B describes her own performances as 'intense explorations of the intra-action of voice/body'. She approaches and tests her own body frame as an architectural site for vocal production, placing/directing the voice to various resonating chambers. B commits herself to all the processes of enunciation with what Barthes might call an expressive reduction. She says herself that her work is very formal and this sense of formality might come from the very specific perameters she sets herself when she performs. She is though, however formally, quite clearly improvising. When she speaks about how sound is being made in her body, she describes it as a two way process: she makes a sound, listens to it and it instructs where and how the next sound should happen. For B there is space between her voice and her body and there is most certainly time. Waiting is part of the process central to her vocal production. For B this is not a spiritual/emotional experience, she does not use mental imagery or memory or fantasy to inspire her next sound. She sees the room she is in. She listens to how her voice sounds as it hits the wall and creates an echo, as it cracks or trembles from the dust in her throat. Within the performing of her scores there is a process of choice making in real time. She looks at me and I know she sees me. It is clear that there is a double- bodied state of consciousness for B when she performs.

 

What transpires physically is so subtle and so fundamental to her ability to open a text which is so intrinsically produced by a very intimate relating to her own body.
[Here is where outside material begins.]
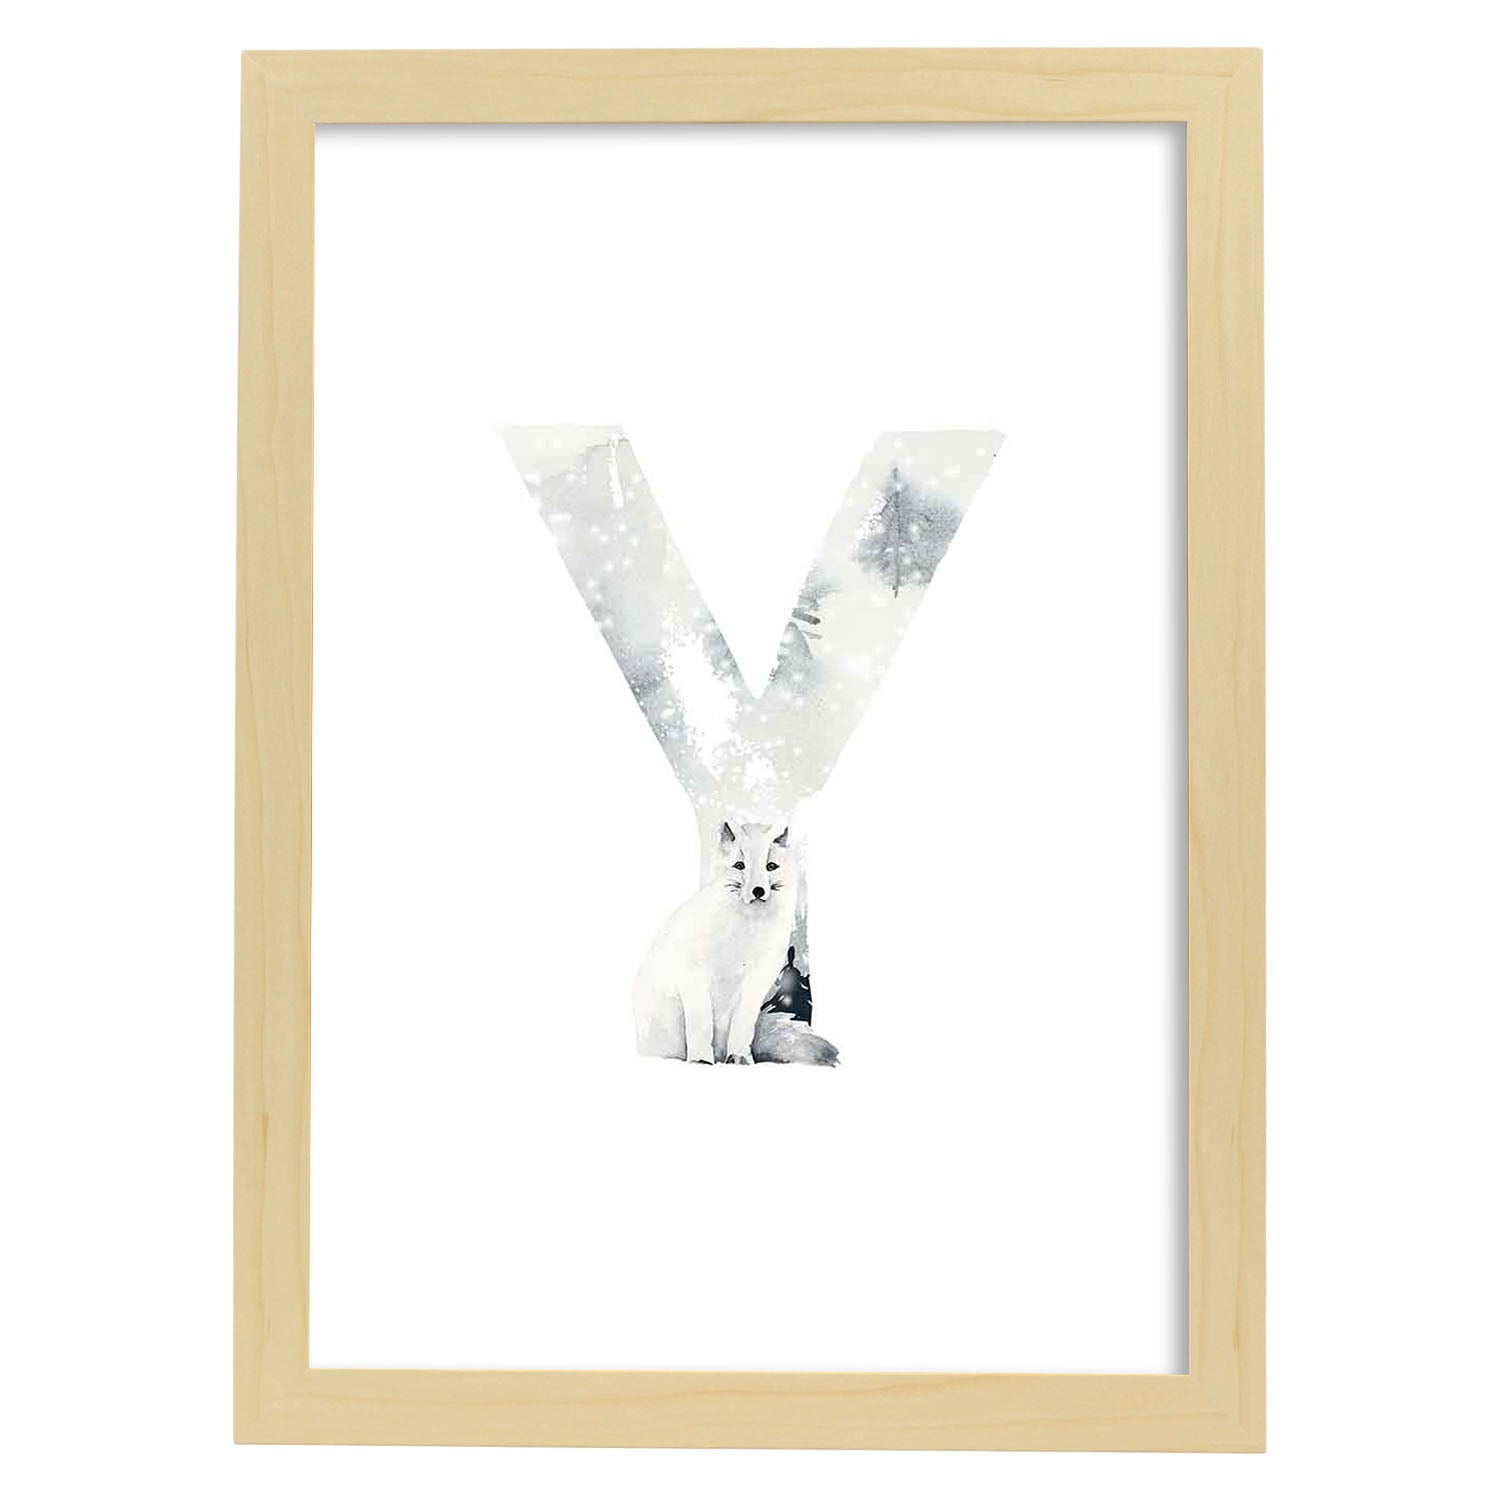 Poster de letra Y. Lámina estilo Invierno con imágenes del alfabeto.-Artwork-Nacnic-A4-Marco Madera clara-Nacnic Estudio SL

I can see her listening to her own voice.  I can watch her body preparing, coping, and waiting. This solid, almost matter of fact physical presence holds the weight of the powerful image and sound that B is creating and at the same time not expressing but being expressed. B works within an improvisational space, or rather she acknowledges and works consciously in a real time state of affairs. Her process of experiencing something, listening, responding, is an improvisational process set within a rigid structure.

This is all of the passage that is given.